Mittwoch, 22. Juni 2011

Frisch und froh weiter - der 19. Gehtag

Hier bin ich wieder, liebe Freunde!

Gestern habe ich mir den Luxus eines Ruhetages gegönnt. Das hat gut getan. Ich will keine Rekorde brechen, sondern mein Ziel erreichen und da muss man mit den Kräften haushalten.
Am VM bin ich ca. 3 Km zurück ins Dorf spaziert und habe ein paar Einkäufe, auch fürs Abendessen, getätigt. Am NM habe ich dann die Haussauna genossen und damit haben sich die Muskel gut entspannt.
Beim Frühstück habe ich eine Pilgerin, die von Salzburg bis Feldkirch geht, kennen gelernt. Es war lustig unsere Erlebnisse auszutauschen. Zwischen Grins und Fliersch hat sie den selben falschen Weg genommen wie ich und ist auch den Berg hinaufgekoffert. Unter dem Regen, besonders vor Stanz und bis Grins hat sie noch mehr zuleiden gehabt.

Heute am Vortag von Frohnleichnam geht es ausgeruht wieder weiter.
Mein Schatten am Morgen zeigt mir, dass ich am richtigen Weg bin. Es geht westwärts, nach Santiago. Siehe Foto.
Ich schreite flott voran, denn die Wettervorhersagen verheißen nichts Gutes. Im Laufe des Tages soll eine Gewitter- und Kaltfront durchziehen. Bis Bludenz ist es heute nicht so weit und ich kann es vorher schaffen.
Mein Partner, der "Ho-Ruck! Sack-du!" passt mir heute auch nicht recht. Mir scheint, er hat am gestrigen Ruhetag zugenommen. Ob das an dem kleinen Stück Seife und der Kekspackung liegt, die ich gestern gekauft und eingepackt habe? Oder hat mir die Zimmerwirtin soviel an Jause in den Rucksack gepackt. Aber nein, dass hätte ich am Rechnungszettel bemerkt, denn rechnen können die Vorarlberger(innen). Bei aller Freudlichkeit steht jeder Posten genau auf der Rechnung:
Bier vom Kühlschrank 2,-
Ein Vierterle leichter Rotwein (erstes am Weg) um 3,50;
2 Stunden Sauna 10,- obwohl im Prospekt als inklusive angeboten (gilt im Sommer nicht)
Wäschewaschen 4,- Zum Glück habe ich sie selbst aufgehängt.
Nur die Freundlichkeit war gratis, aber vielleicht war das der Pilgerbonus.

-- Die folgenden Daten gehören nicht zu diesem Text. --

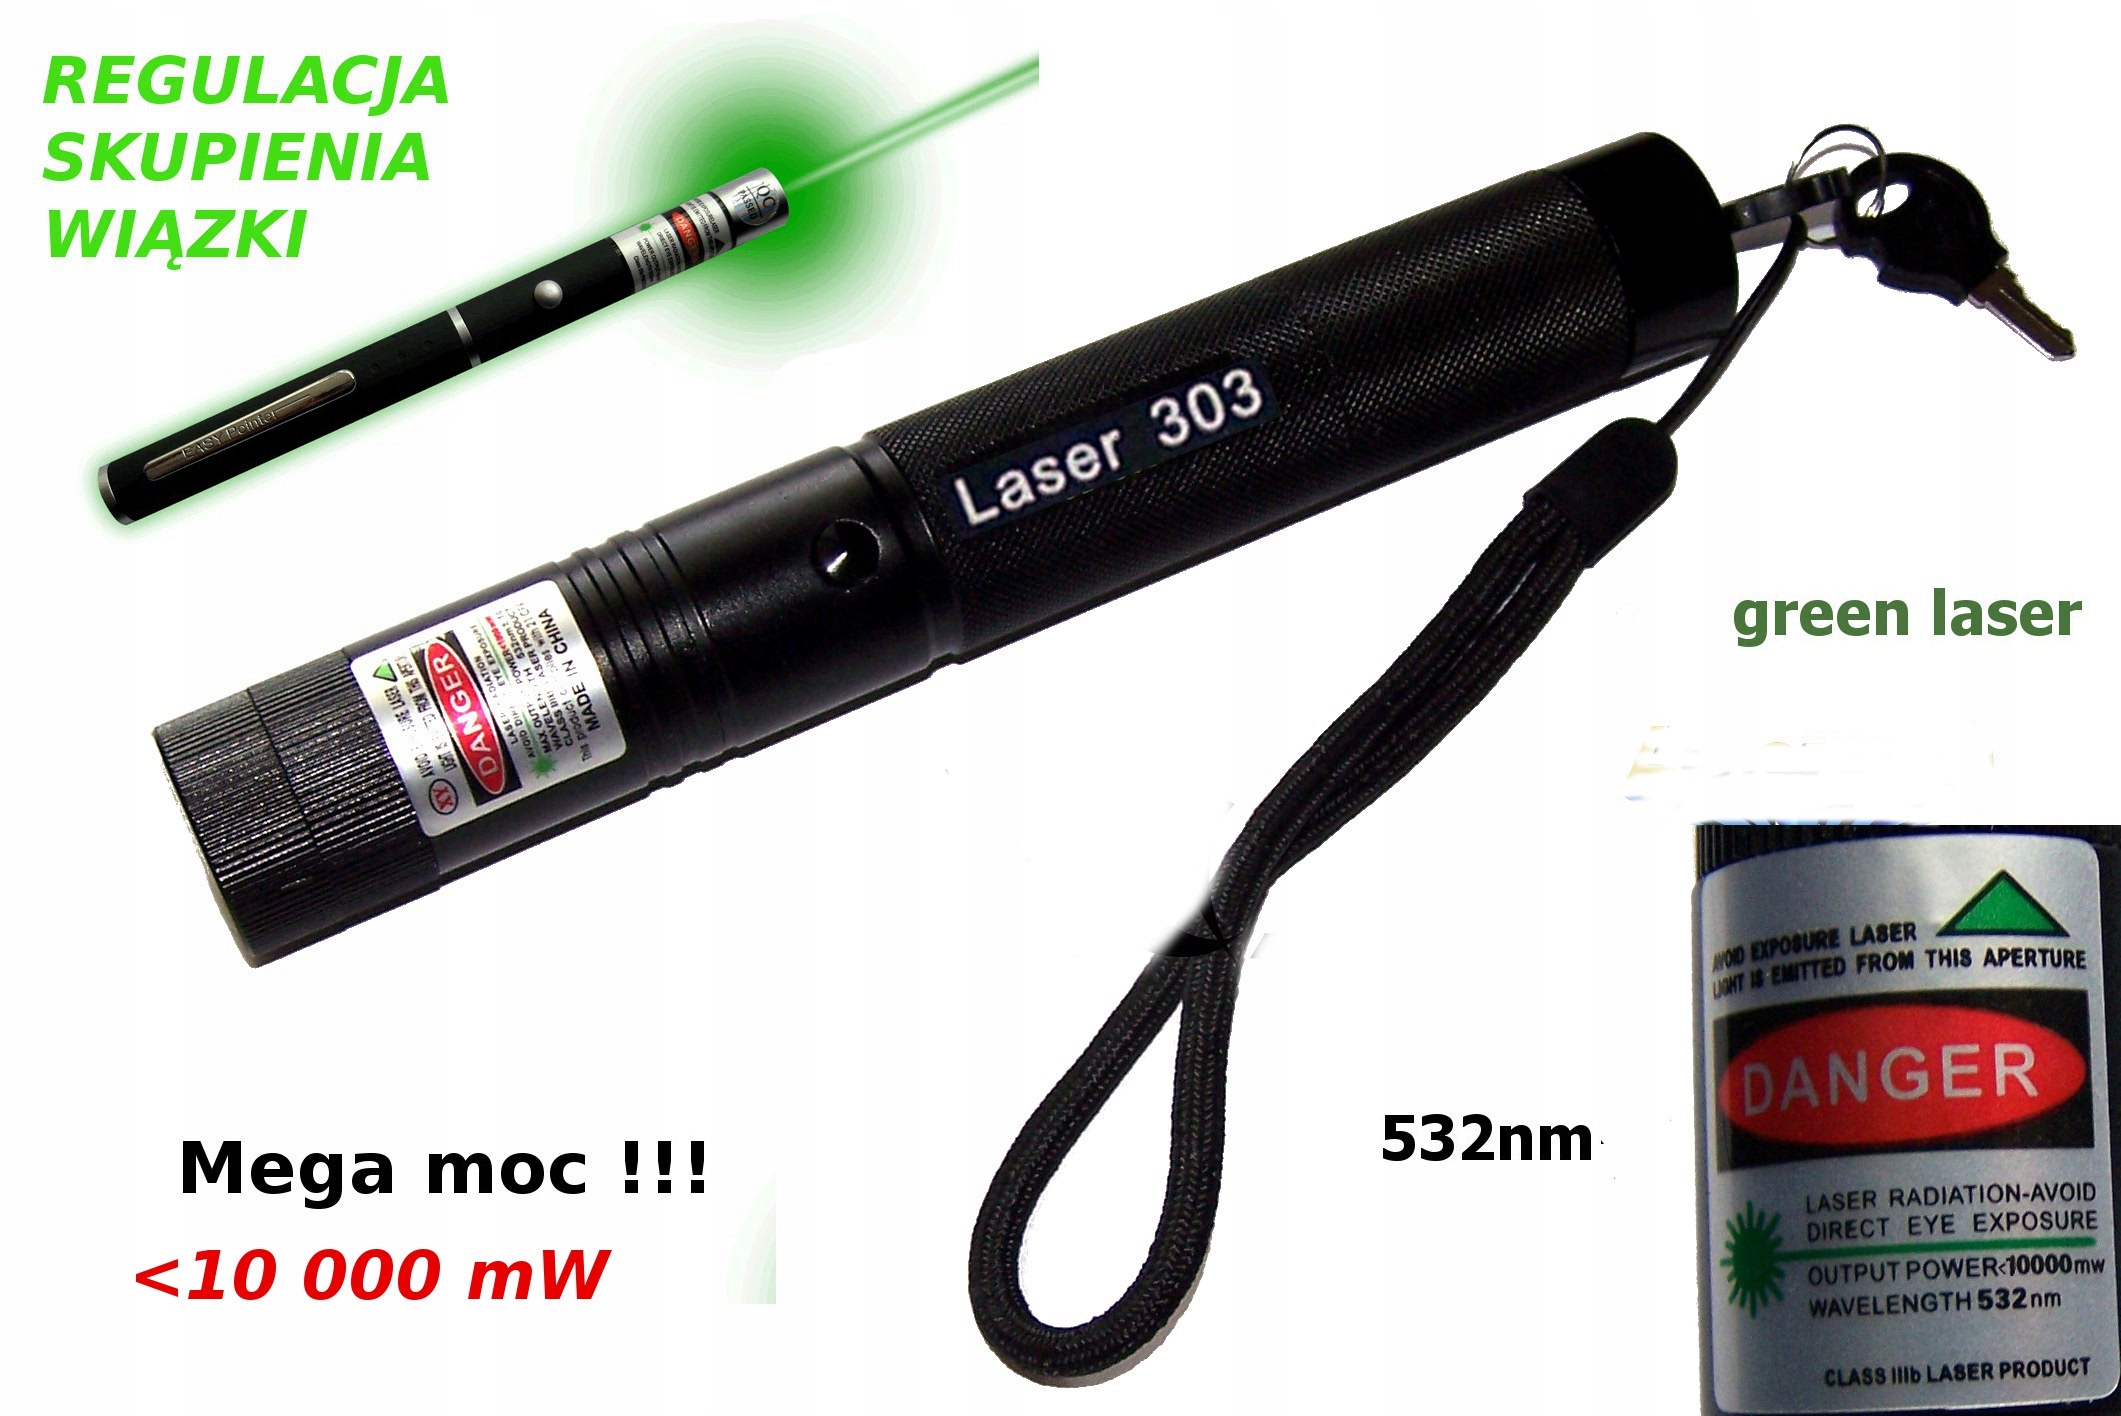 Батарейки для указок. Danger 532 NM лазер 10 батарейки. Батарейки для лазерной указки. Лазерная указка Danger wavelength. Зеленая лазерная указка батарея.

Nach dem ungeplanten und unangesagten heftigen Gewitter gestern Abend, sticht heute die Sonne aus dem klaren blauen Himmel. Durch die aufsteigende Feuchtigkeit ist es sehr schwül und der Schweiß rinnt genau so wie gestern in der Sauna.
Da fällt mir ein vierzeiliger Schüttelreim ein:

Brennt die Sonne sehr am Morgen,
bringt ein Gewitter mehr an Sorgen.
Rinnt im Unterricht der Schüler Schweiß,
ist's beim Gehen ein schwüler ...

Für das letzte Wort suche ich noch Vorschläge!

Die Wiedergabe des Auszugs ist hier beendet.